Friday, December 23, 2016

Best Albums of 2016 - Number 3

skeleton tree

This is an album that, as much as I loved, I probably will rarely listen to. But I can't deny it a place on this list because it is such a powerful piece of art and hit me so damn hard, from the first listen, while sitting at work with earbuds in - I was a wreck. In the course of recording Skeleton Tree, Nick Cave lost his teenage son. There's no way that wouldn't have been reflected in the album, no matter how much of it had been done before. Sure, Cave has always been dark, but this is something else entirely. The weight of this is substantial and transcendent in ways that really defy explanation. Nick Cave and The Bad Seeds' Skeleton Tree is not something that you should listen to lightly, but it is something you most definitely should listen to at least once. It will change you.

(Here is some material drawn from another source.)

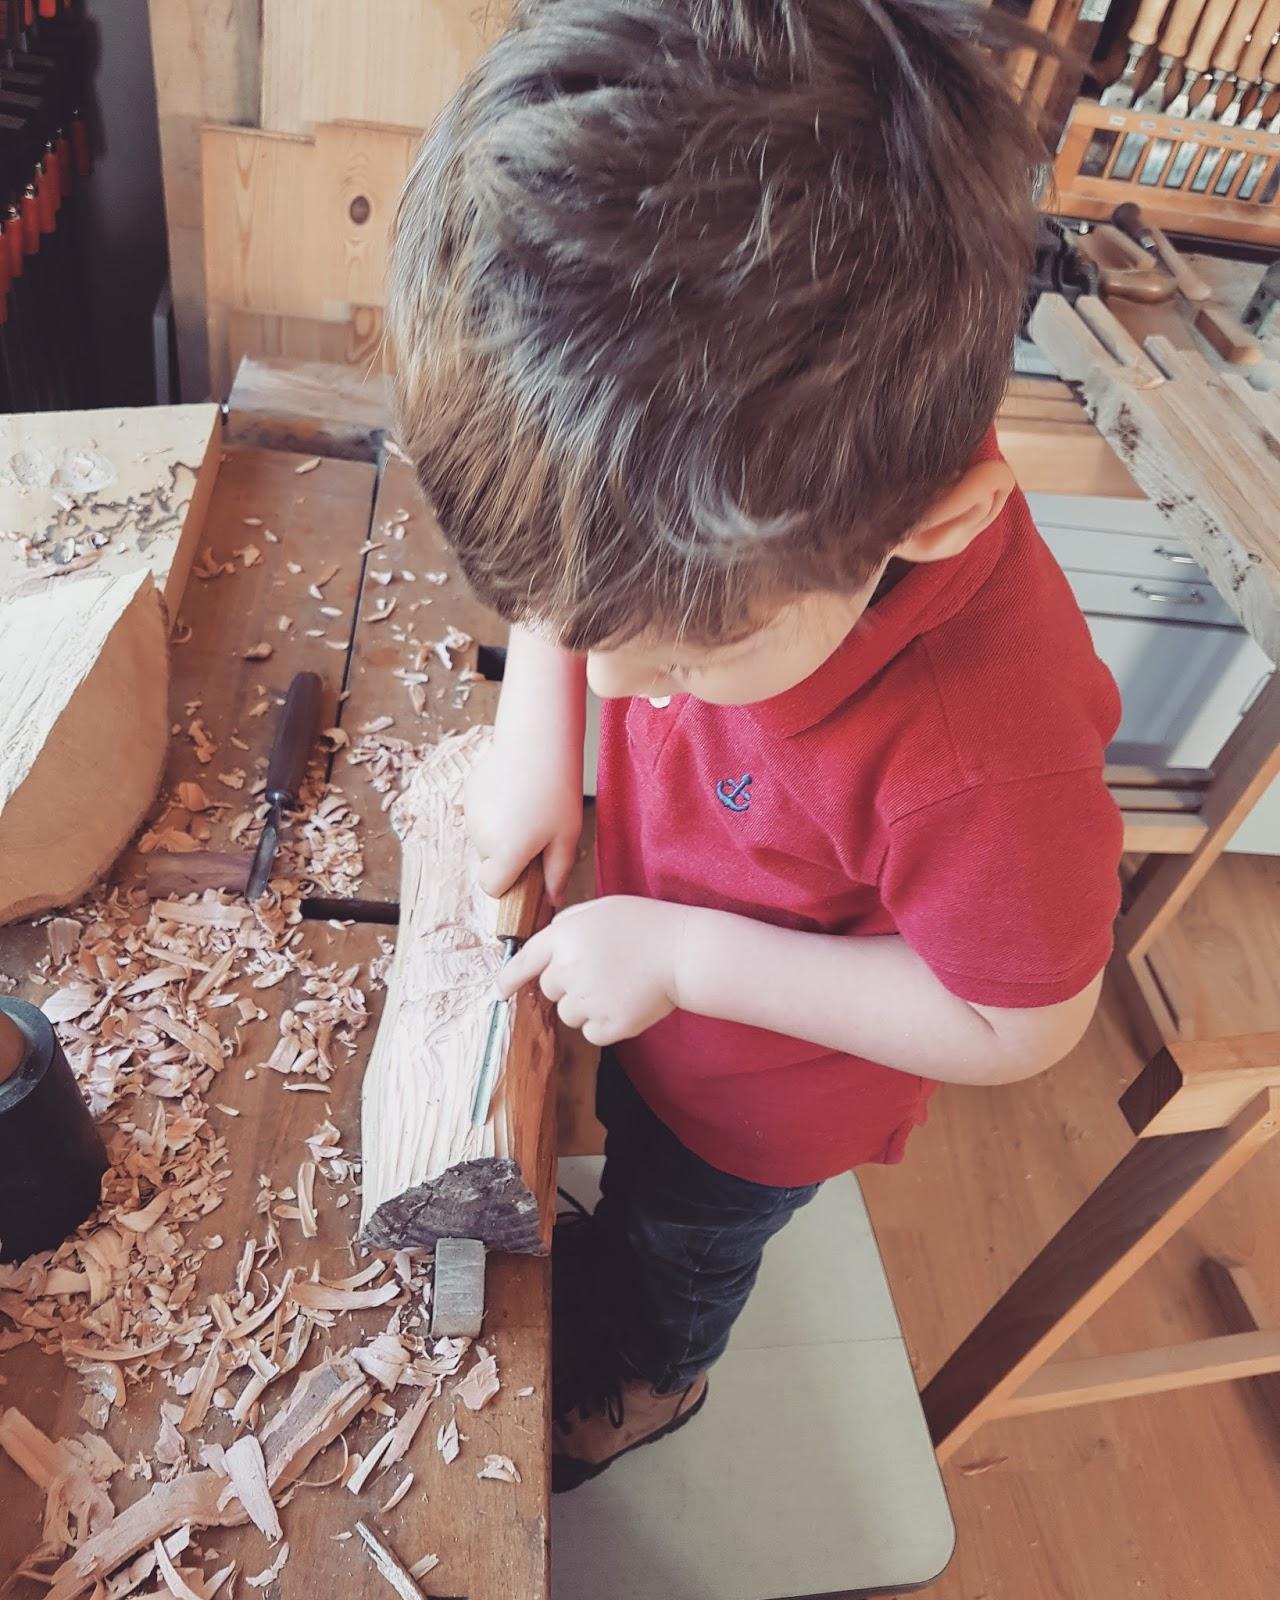 Die Klinge Lässt Sich Sehr Scharf Schleifen Und Lässt Sich Sehr Präzise  Durch Das Holz Steuern. Mein Sohne Musste Das Unbedingt Selbst Testen Und  Hat Sich ...

From the opening track, "Jesus Alone," there's an ominous heaviness and the feel of a darkened room, alone. It's hopeless and dark in the very real way that grief can be. Once we get to "Girl in Amber" there's something going on in your chest and I would understand most people shutting this off right then, but I implore you not to. I think this is important to be reminded of - these feelings. No matter how shitty life can get, we need this specific kind of darkness to highlight the tiny bright spots in every day, if we can get them. And I'm not sure this has ever been captured in anything approaching this level. This album is the most concrete example I think I've ever heard of the power of music and the original intent of this blog.


Honestly, I don't think I can even get into this on a lyrical level because it may destroy me forever. Certain lines stand out here and there like "Nothing really matters when the one you love is gone. You're still in me, baby." from "I Need You" for example, but overall, it's the shear wall of raw sonic emotion that closes in on you as you listen that puts this on my list. It could almost be an instrumental and still knock you out. The Bad Seeds clearly felt this loss along with Cave and the mourn together. It may seem hopeless, but it is this balance between voice and instruments and the basic fact of knowing it was a group of people doing this together that makes this come off like an embrace of some sort. Not an embrace of comfort, necessarily, but one of solidarity and understanding none the less. It doesn't take the pain away, but gives you a safe place to express it in all its bleakness.

I'd rather not say much more about this album, because I feel like it should just be experienced. But I have to mention "Distant Sky." This song - this, I don't know what to call it - is the most cathartically beautiful thing I've ever heard, hands down. It features Else Torp on vocals and if it doesn't make you cry uncontrollably, I feel horrible for you. This chorus was made to accompany sobbing that comes from the black hole of despair that opens in a soul after losing a loved one and more specifically, a child.
"They told us our gods would outlive us
  They told us our dreams would outlive us
  They told us our gods would outlive us
  But they lied"
This song is the moment of release for the whole thing before the slightly hopeful, though still overwhelming, melancholy of the title track, "Skeleton Tree." Maybe someone with a stronger will than mine could analyze this album and break down the songs into different stages of grief, but I can barely maintain composure all through the album. As I said at the beginning, this won't be often played and hopefully not something I need to turn to for comfort, but god damn am I glad that it exists - in spite of the horrible circumstances that lead to it - and that I've heard it. If music or art in general is supposed to affect you, deeply, then this is that and more.